Tag 27. 3:40 Minuten müssen gehalten werden und es klappt. "Über 3 Minuten ist schon wirklich hart, wir hätten aber am Anfang auch nicht gedacht, dass wir das schaffen werden", so Fitnessredakteur Benka. So kurz vor dem Ziel möchte hier niemand mehr aufgeben, auch wenn die Körper zittern. Einige spüren schon einen deutlichen Trainingseffekt, andere kämpfen jeden Tag aufs Neue.
Tag 30. Nur noch 5 Sekunden mehr als gestern, das sollte doch zu schaffen sein! Mittlerweile haben alle eine Matte oder ein Handtuch unter den Ellenbogen, damit es nicht so sehr wehtut. Wir quälen uns ein letztes Mal und tatsächlich schafft es das ganze Team!
Die 30-Tage-Plank-Challenge ist eine motivierende Methode, um die Plank in dein Workout zu integrieren, Fortschritte zu verfolgen und deine Core-Muskulatur zu stärken. Challenge Accepted?
Erwähnte Quellen
Gottschall, Jinger S.1; Mills, Jackie2; Hastings, Bryce2. Integration Core Exercises Elicit Greater Muscle Activation Than Isolation Exercises.
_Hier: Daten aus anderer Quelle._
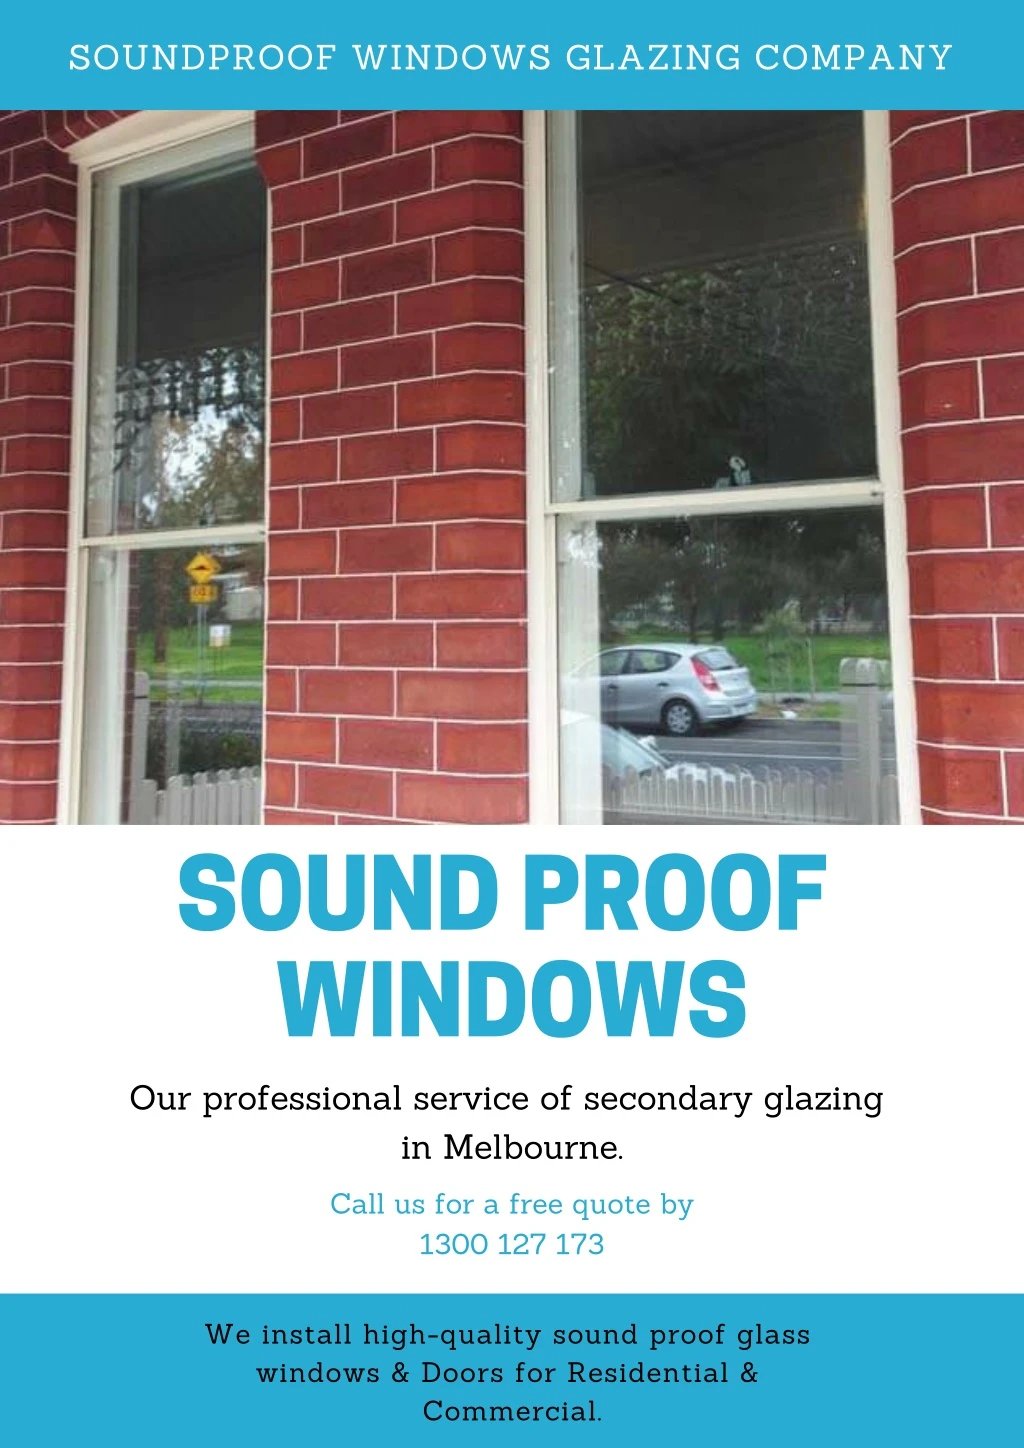 soundproof windows glazing company

Journal of Strength and Conditioning Research 27(3):p 590-596, March 2013. DOI: 10.1519/JSC.0b013e31825c2cc7
Lee, J., Jeong, K., Lee, H., Shin, J., Choi, J., Kang, S., & Lee, B. H. (2016). Comparison of three different surface plank exercises on core muscle activity. Physical therapy rehabilitation science, 5(1), 29-33.